Photo from IEEFA

Expert casts doubt on carbon capture for steel

An Institute for Energy Economics and Financial Analysis report poses the question on whether companies should stick with CCUS or shift to evolving alternatives.

Despite being around for 50 years and supported at the 2023 COP28 climate conference, carbon capture utilisation and storage (CCUS) continued to underperform.

Citing Bloomberg New Energy Finance (BNEF), the Institute for Energy Economics and Financial Analysis (IEEFA) said in its “Carbon Capture for Steel?” report that CCUS only captures 0.1% of global emissions. IEEFA also noted that out of 13 large-scale CCUS projects, five underperformed, two were suspended, one was mothballed, and two did not provide data that allowed performance to be assessed.

Given this situation, should capital still be allocated in CCUS?

According to Simon Nicholas, lead analyst for the global steel sector at IEEFA, it may be time for investors to get involved.

“I think any investor in a steel company should be questioning that company if they are intending to put large amounts of capital into CCUS,” he told Manufacturing Asia in an interview. “I just don’t think it's a good solution. Even the small scale, pilot scale projects we’ve seen in Europe have been expensive and captured very few emissions.”

Nicholas also said it looks “increasingly unrealistic that CCUS is going to evolve.”

One of the factors affecting the performance of CCUS is the cost of installing this technology. IEEFA noted that whilst the cost of alternatives – like renewable energy and battery storage – plunged, the price to implement carbon capture hardly reduced in 40 years.

The costly implementation of CCUS can be associated with the uniqueness of each project, Nicholas said.

“There’s no turnkey solution, which you can fit to any project. Each project is different. It’s faced with different geology, different problems, different risks, different conditions, which makes it slow to implement and also keeps the cost high,” he explained.

The expert said proponents have said what is needed is a significant carbon price. However, he noted that there is a significant carbon price in Europe which is not enough to encourage more projects on a commercial scale.

The IEEFA report also said that out of the combined 392 projects, only four are in the steel sector, including the operational Al Reyadah project in the United Arab Emirates. Three of these are for direct reduced iron-based (DRI) steel plants, not for blast furnace-based steelmaking which is the dominant and most carbon-intensive process.

DRI-based steel making can run on green hydrogen with very low emissions, the report noted.

“If steel CCUS cannot advance in Europe where there is a significant carbon price, it cannot be expected to make headway in developing Asia, the seat of major steel demand growth,” the IEEFA pointed out.

Defining green steel

According to IEEFA, tighter definitions of what “green steel” it to be expected soon. This may put manufacturers implementing this technology at risk because steel produced this way may not be qualified as such.

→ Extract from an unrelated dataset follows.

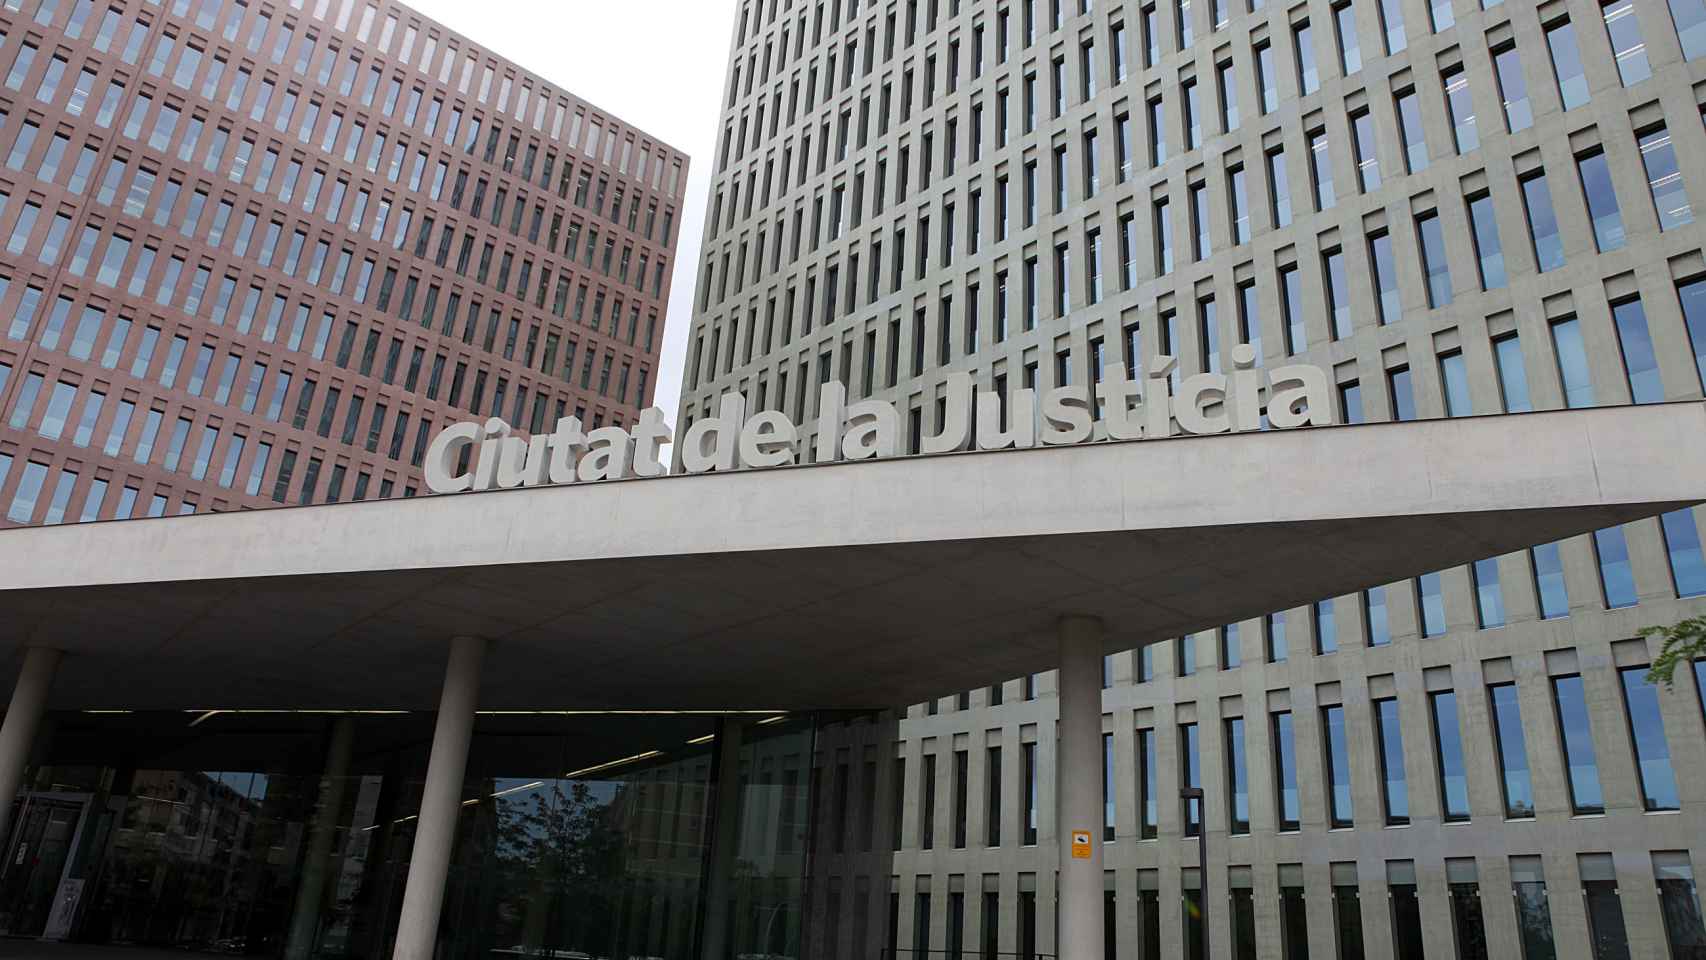 El exterior de la Ciutat de la Justícia de Barcelona y L'Hospitalet de Llobregat, donde los forenses identifican las víctimas de los atentados terroristas / CG
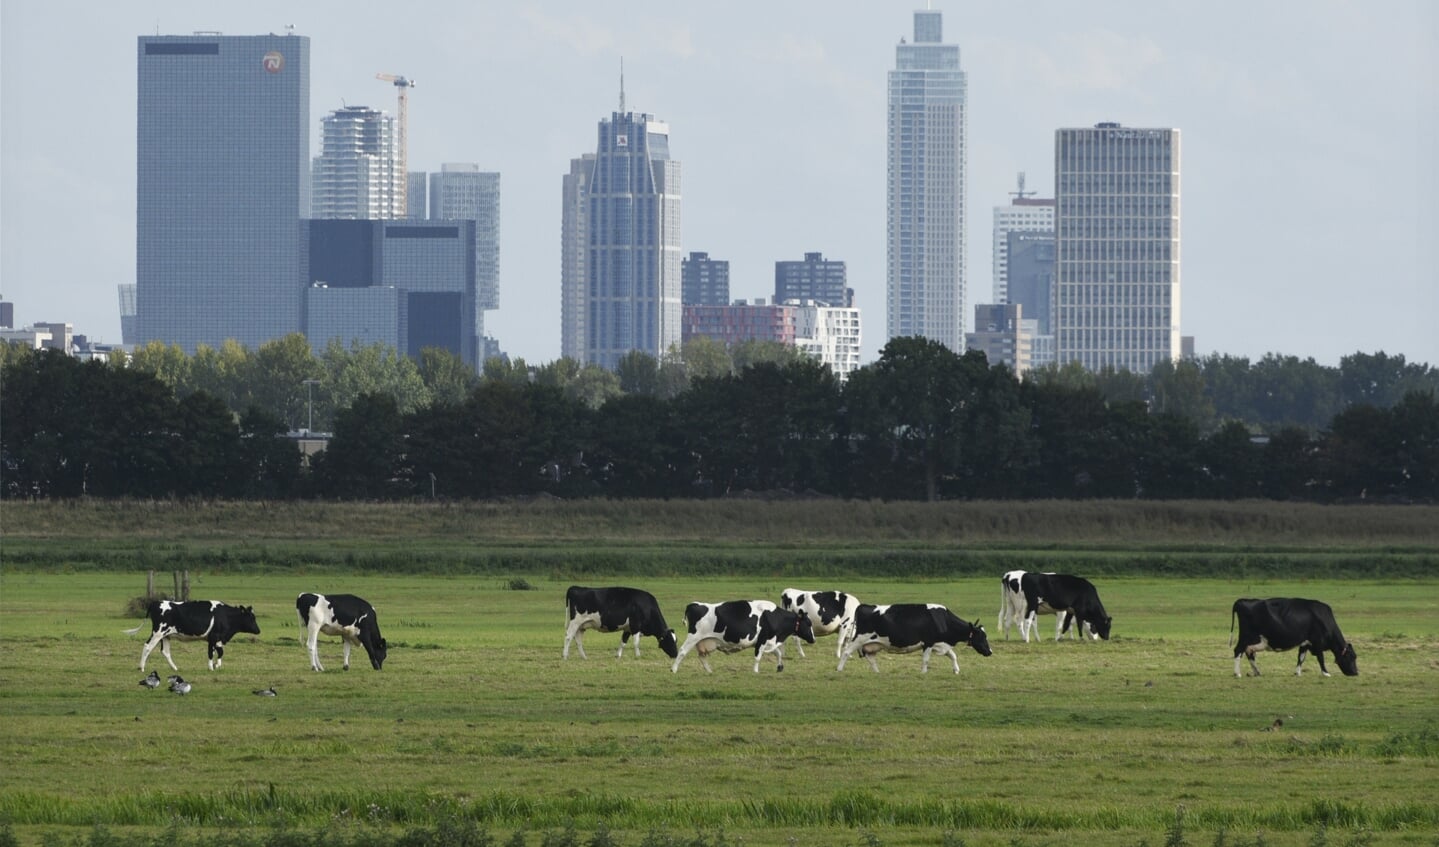 Melkvee graast in de Schieveense polder nabij Rotterdam. In het gebied is een doorloop van snelweg A16 gepland.

Another risk they are likely to face is consumers not wanting coal involved in their supply chains at all.

Nicholas said the German steel industry has recently been setting their standard, but establishing a global one will be complicated.

“It’s hard to get one definition that covers all cases,” he told Manufacturing Asia. “There will have to be quite a lot of legislation. We’ll probably see competing definitions, but then I imagine that one definition emerges as the benchmark at some point.”

Shifting to alternative

IEEFA said that in the 2021 report of the International Energy Agency (IEA), titled “Net Zero by 2050: A Roadmap for the Global Energy Sector,” CCUS-equipped processes will make up 53% of global primary steel production in 2050. IEA’s Net Zero Emissions by 2050 Scenario said that 670m tonnes of CO2 would be captured from these processes.

The IEA reduced its projection in its 2023 update to 37%, capturing only 399m tonnes by 2050. Meanwhile, hydrogen-based steelmaking increased to 44% from 29%.

The IEEFA expects IEA will continue decreasing the role it expects CCUS will play in steel decarbonisation.

Nicholas said that DRI-based steel making and electric arc furnaces are being targeted in Europe.

India, a major market for steel, may lag behind since most of its planned capacity expansion is for blast furnace-based steel making, he noted.

Nicholas said that from an energy security perspective, “it is in India’s interests to start developing its own green hydrogen production for steel making.”

“India will be the place to produce green hydrogen because energy is already very cheap in India. So the replacement of blast furnaces with green hydrogen will probably be quicker than people expect,” he said.